= Latency stage =

Freudian psychosexual development

The latency stage is the fourth stage of Sigmund Freud's model of a child's psychosexual development. Freud believed that the child discharges their libido (sexual energy) through a distinct body area that characterizes each stage. The latency stage is the fourth of the five Freudian psychosexual development stages: the oral, the anal, the phallic, the latent, and the genital.

==In general==
The latency stage may begin around the age of 7 (the end of early childhood) and may continue until puberty, which happens around the age of 13. The age range is affected by child-rearing practices; mothers in developed countries, during the time when Freud was forming his theories, were more likely to stay at home with young children, and adolescents began puberty on average later than adolescents today.

Freud characterized the latency stage as a period of relative stability. During this time, no new organization of sexuality emerged, and he did not extensively focus on it. As a result, this stage is sometimes omitted in discussions of his theory's developmental stages and is instead regarded as a distinct period.

The latency stage originates during the phallic stage when the child's Oedipus complex begins to dissolve. The child realizes that their wishes and longings for the parent of the opposite sex cannot be fulfilled and will turn away from these desires.

They start to identify with the parent of the same sex. The libido is transferred from parents to friends of the same sex, clubs, and hero/role-model figures. The sexual and aggressive drives are expressed in socially accepted forms through the defense mechanisms of repression and sublimation.

During the latency stage, the energy the child previously put into the Oedipal problem can be used for developing the self. The superego is already present, but becomes more organized and principled. The child acquires culturally regarded skills and values. The child has evolved from a baby with primitive drives to a reasonable human being with complex feelings like shame, guilt and disgust. During this stage, the child learns to adapt to reality and also begins the process of what Freud terms "infantile amnesia": the repression of the child's earliest traumatic, overly sexual or evil memories.

==Other thinkers==
Freud's daughter, the psychoanalyst Anna Freud, saw possible consequences for the child when the solution of the Oedipal problem is delayed. She states that this will lead to a variety of problems in the latency period: the child will have problems with adjusting to belonging to a group, and will show a lack of interest, school phobias and extreme homesickness (if sent away to school). However, if the Oedipal problem is resolved, the latency phase may bring the child new problems, like joining gangs, rebelling against authority and the beginnings of delinquency. On the contrary, Jacques Lacan emphasized the importance of the Oedipal problem for individuals' development and states that unsuccessful resolution of it is the most likely cause for inability to come to terms with symbolic relations such as the law and expectations of society. In most extreme cases of failure—where there is no opposition for the child's access to his mother and vice versa—the result is perversion.

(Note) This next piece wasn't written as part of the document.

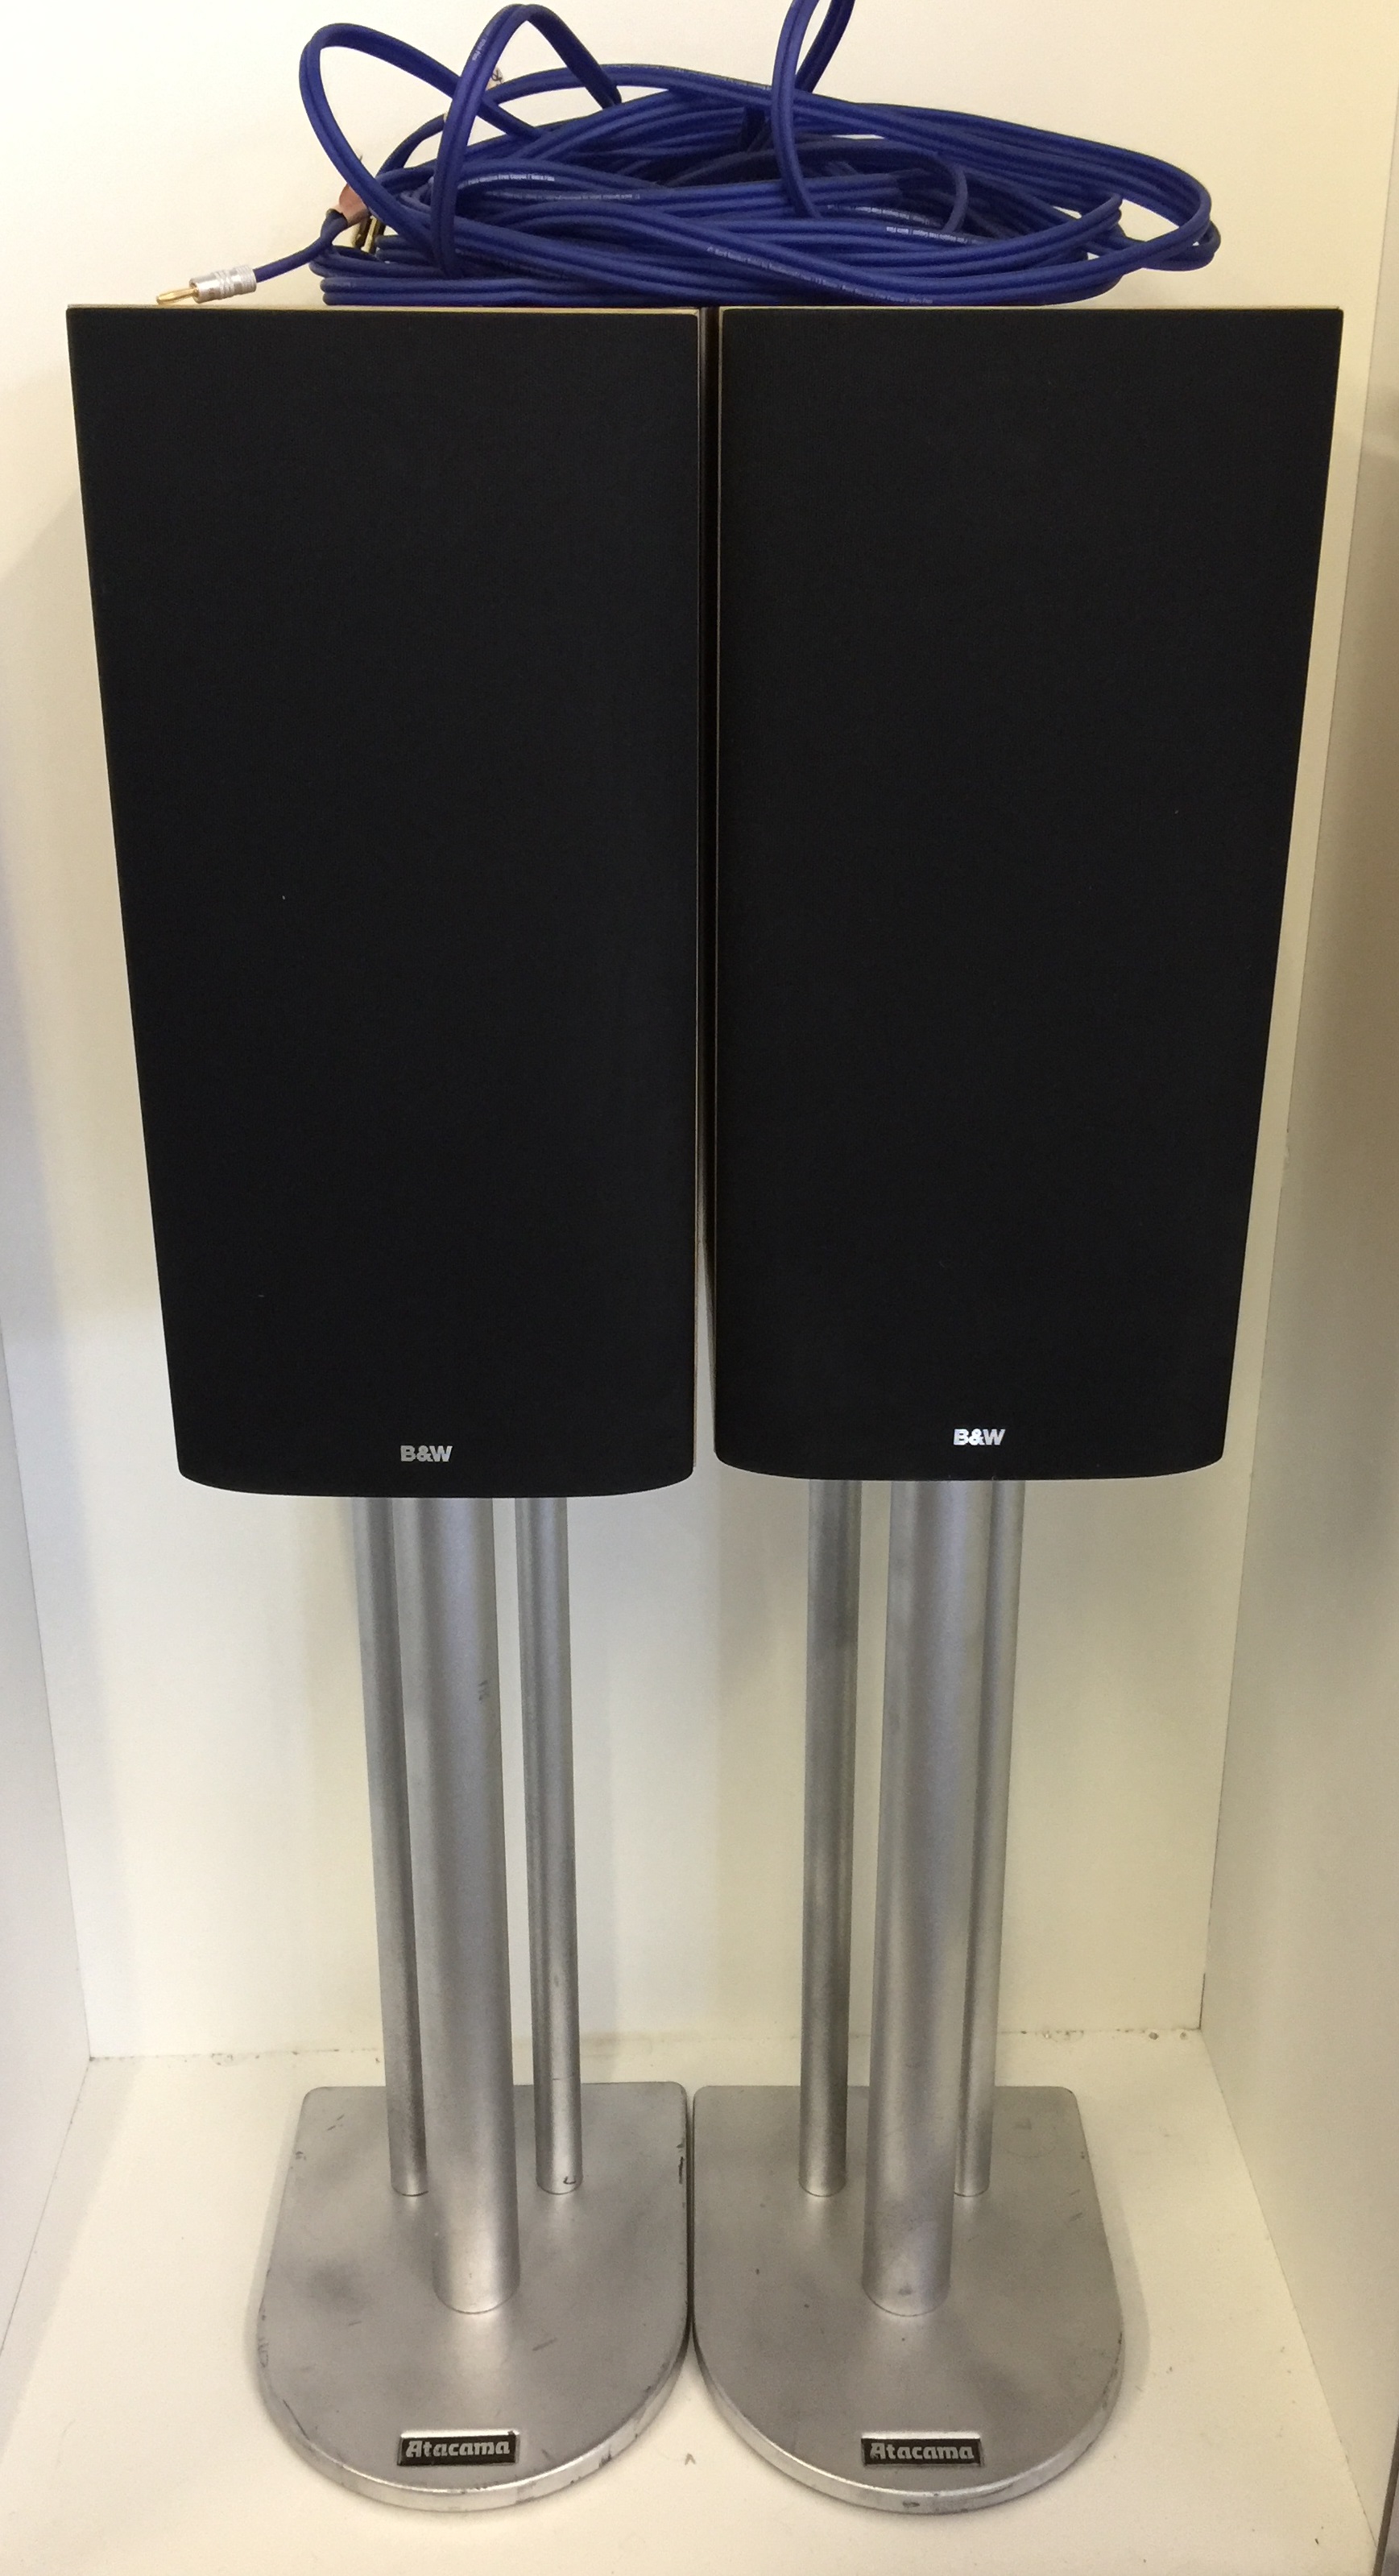 HIFI AUDIO - a pair of 2 B&W DM602 S3 Stereo speakers with a pair of Atacama speaker stands.
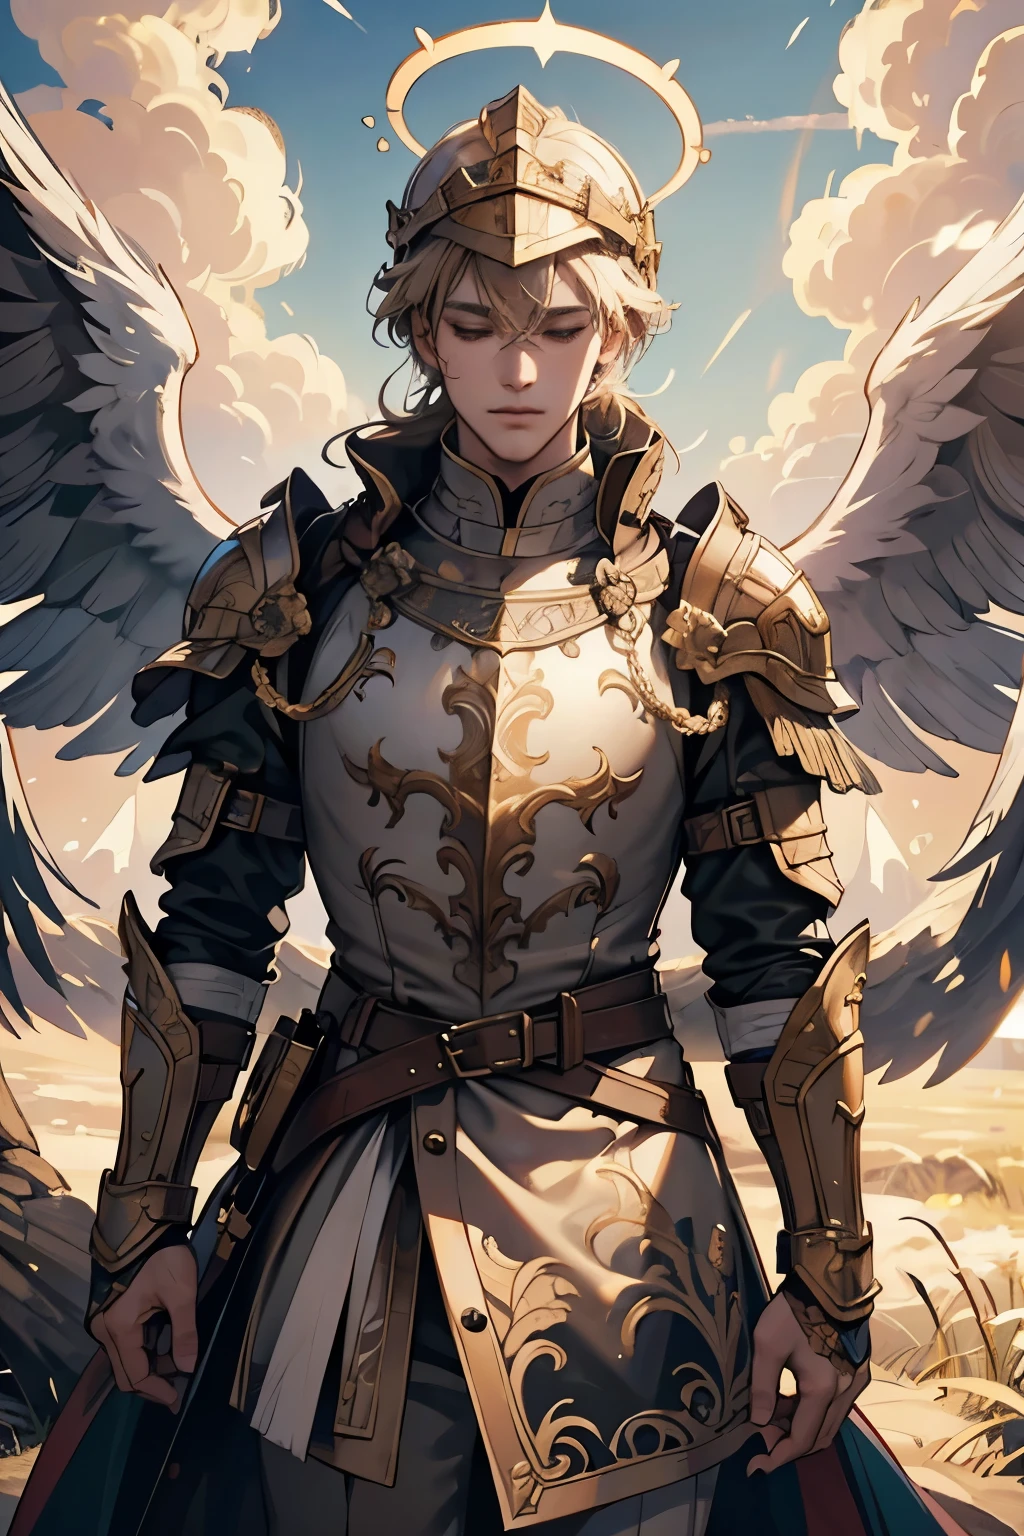 (ultra-detailed, faceless, helmetless portrait of an unknown male Renaissance soldier in heaven), intricately painted with divine radiance, heavenly aura surrounding, detailed muscle definition and armor textures, ethereal background of clouds and golden light, angels whispering in the background, delicate highlight on the soldier's chest plate, BREAK, masterpiece of divine artistry, 4k resolution, hyper-realistic, serene expression, halo adding to the heavenly theme, BREAK, shimmering armor and intricate patterns, wings slightly visible at the back, celestial colors enhancing the painting, BREAK, the soldier's eyes closed in peaceful rest

The developmental psychologist and psychoanalyst Erik Erikson developed a stage model for the evolution of the ego. The latency phase corresponds to his stage of competence, or "industry and inferiority", age 5 to puberty. The child is eager to learn new skills. During this stage, the child compares their self-worth to others. Because the child can recognize major disparities in their abilities relative to other children, the child may develop a sense of inferiority to them.